Course Information
- 2024-25
- CID214
- 5-Year B.A., LL.B. (Hons.), 3-Year LL.B. (Hons.), LL.M., Master's Programme in Public Policy
- III, IV, V
- Jul 2024
- Elective Course
The course follows a chronological sequence and takes a combination of approaches to include concepts, narrative history and with a strong focus on the major themes that have animated, driven and made Indian democracy the world’s largest, and most diverse and contentious democracy.
A primary focus will be an interrogation of India’s experiments and remaking of some of the biggest questions of global political modernity. These include affirmative action and social justice, linguistic diversity, territorial sovereignty, religious and cultural recognition, and the ways ideologies were thought anew in India. Scholars writing in the last four decades have consistently described Indian democracy as in a state of crisis,
but this course seeks instead to understand this ‘crisis’ in terms of the often conflictual democratization of Indian society, and to understand how conflict and crisis, in this sense, is generative of democratic change.
By highlighting the role of ideas in driving historical change in India, the course will explore important thinkers of India’s political modernity, including but not limited to prominent figures such as Jawaharlal Nehru and B.R. Ambedkar. While most scholarship has approached India as a ‘culture’ or ‘society,’ this course will explore India as a locus of the generative and transformative potential of political ideas and their impact in making India an enduring if contested democracy.
The course develops new perspectives on the history of democracy and the Indian remaking of twentieth century ideologies including socialism and conservatism.
The power of narrative and personality will be further contextualised as the key themes of gender, violence, corruption and the role of liberalisation of the economy and the law will be studied in detail.

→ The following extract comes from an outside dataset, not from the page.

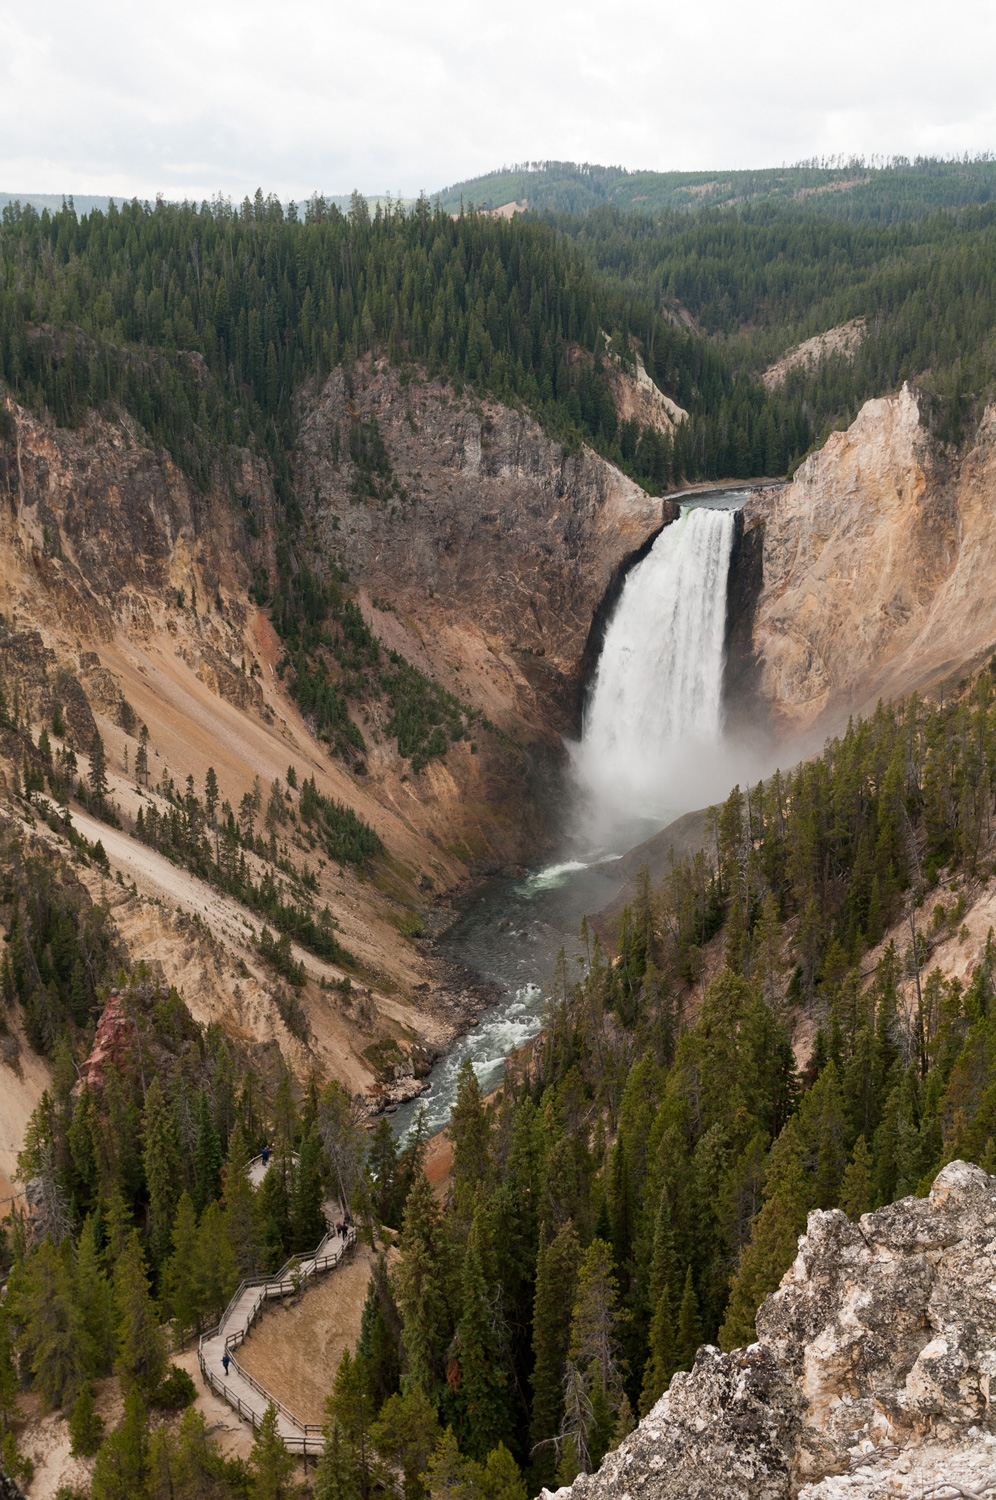 The Water Falls On Yellowstone River

India boasts one of the highest levels of voter action in the world and the state is an important site of democratic competition that have unsurprisingly held the attention of scholars — primarily anthropologists and political scientists — of Indian democracy. In a departure from those approaches, this paper takes a historical approach to explore the life and nature of democracy beyond elections and the state in India. The mass anti-colonial mobilizations of the interwar period informed and, in many ways made possible the radical and ambitious project of republican democracy. Further, the Constitution of India adopted in 1950 to inaugurate and found the Republic has had lasting consequences for democracy, both in regard to the state and society. The role of new political parties, the Supreme Court, elites, political leadership and mobilizations, press, campaigns and election manifesto rhetoric will be explored in this Paper.
You will be expected to read approximately 100-125 pages a week.